Here are the basic findings of the new paper, taken first from the more technical abstract, and then in a summary accessible to non-scientific readers:
Abstract:
“The advent of herbicide-tolerant genetically modified (GM) crops spurred rapid and widespread use of the herbicide glyphosate throughout US agriculture. In the two decades following GM-seeds’ introduction, the volume of glyphosate applied in the United States increased by more than 750%. Despite this breadth and scale, science and policy remain unresolved regarding the effects of glyphosate on human health. We identify the causal effect of glyphosate exposure on perinatal health by combining 1) county-level variation in glyphosate use driven by 2) the timing of the GM technology and 3) differential geographic suitability for GM crops. Our results suggest the introduction of GM seeds and glyphosate significantly reduced average birthweight and gestational length. While we find effects throughout the birthweight distribution, low expected-weight births experienced the largest reductions: Glyphosate’s birthweight effect for births in the lowest decile is 12 times larger than that in the highest decile. Together, these estimates suggest that glyphosate exposure caused previously undocumented and unequal health costs for rural US communities over the last 20 years.”
Significance:
“While the herbicide glyphosate is the most commonly used herbicide globally, the effects of glyphosate exposure on human health and the environment remain unclear—particularly in more developed countries, where glyphosate exposure is often considered low. Using spatiotemporal variation in the adoption of glyphosate-resistant crops, we document significant adverse perinatal health effects due to increased glyphosate exposure in the rural United States. Further, historically disadvantaged groups disproportionately bear these health effects. These results conflict with current regulatory guidance, suggest current regulations may be inadequate, and highlight the need to improve pesticide use and exposure monitoring.”

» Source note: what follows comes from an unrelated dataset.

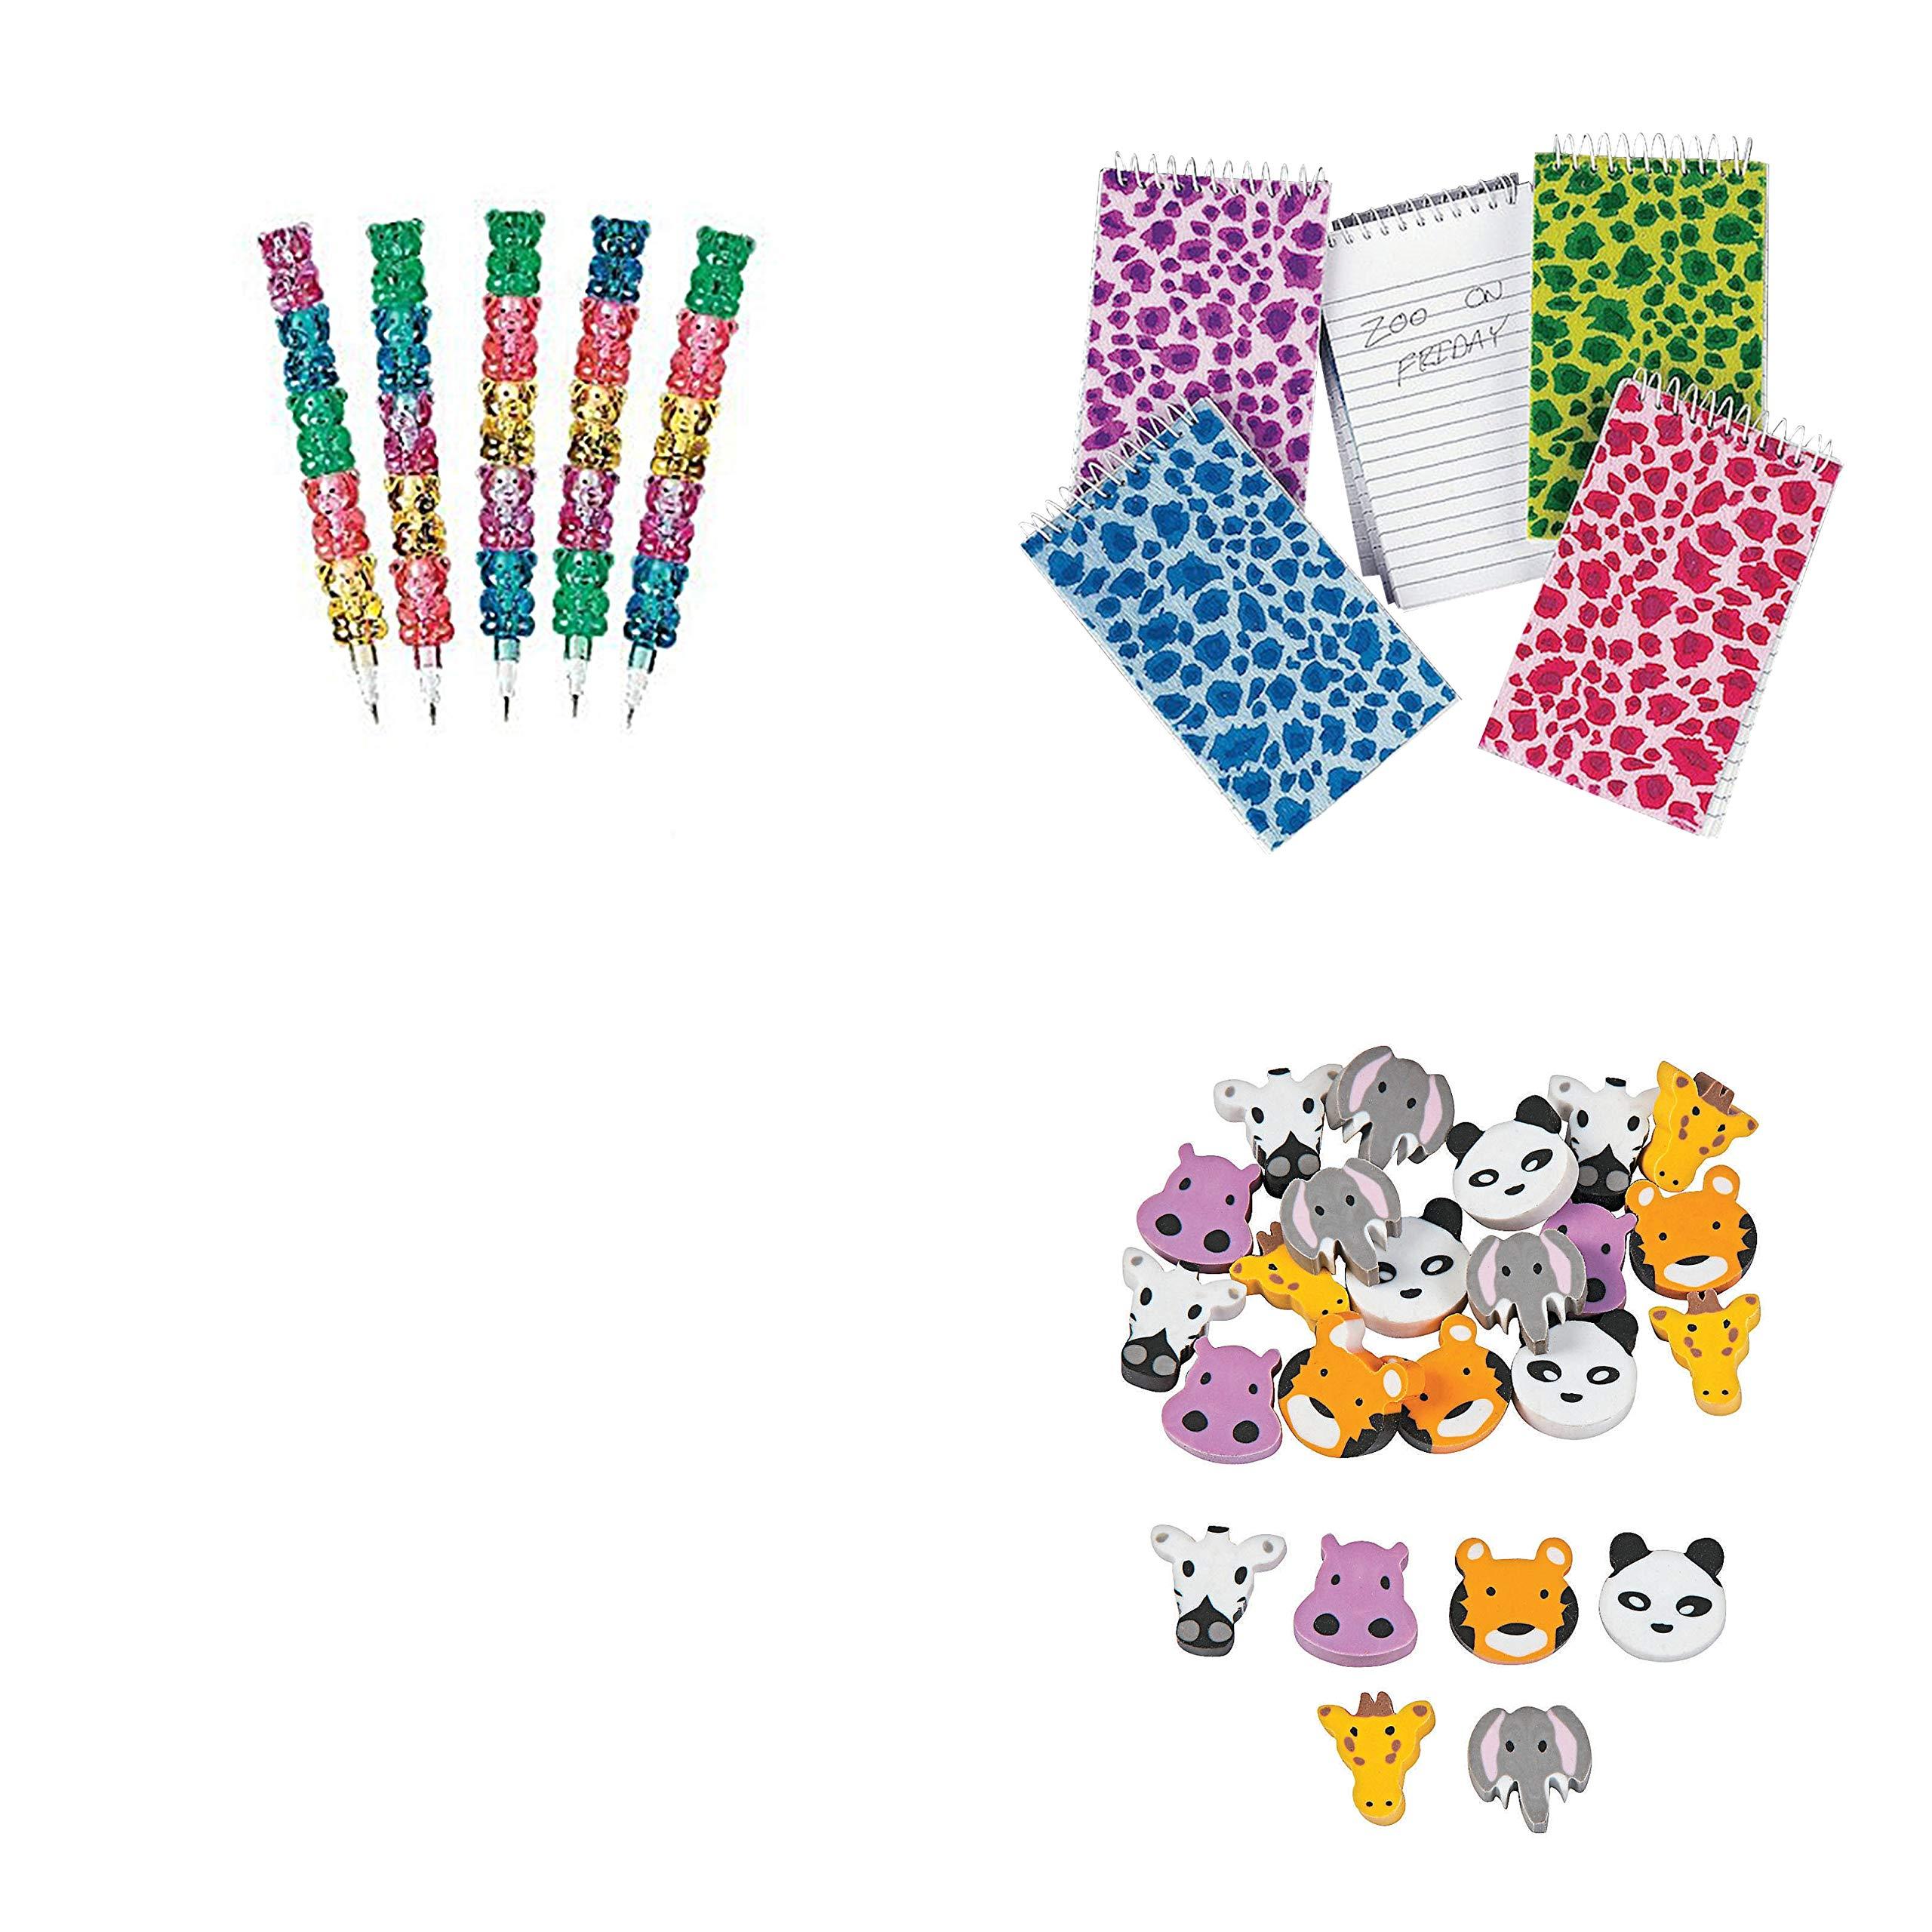 Stackable Bear Pencils, Plush Animal Print Spiral Notepads, Erasers Bundle For 12 People

My former colleague Erik Stokstad at Science, where I was a correspondent for 25 years, also published a very good summary of the findings in that journal, which I recommend reading for those who do not have access to PNAS. Erik ran the paper past several environmental scientists who were not involved with the study, and all of them clearly took it seriously.
As I discuss in the Truthdig piece, and as other journalists have documented over many years now, the scientific data calling into question glyphosate’s safety have continued to mount despite strenuous efforts by manufacturers like Monsanto (now owned by Bayer) and proven industry front organizations (eg Genetic Literacy Project and the American Council on Science and Health, among others) to obfuscate what the science says.
There seems little doubt that will continue, even though the Environmental Protection Agency and other regulatory agencies in the U.S., Europe, and elsewhere continue to do little to protect the public. I will update this story from time to time, as new evidence emerges that is worth making note of.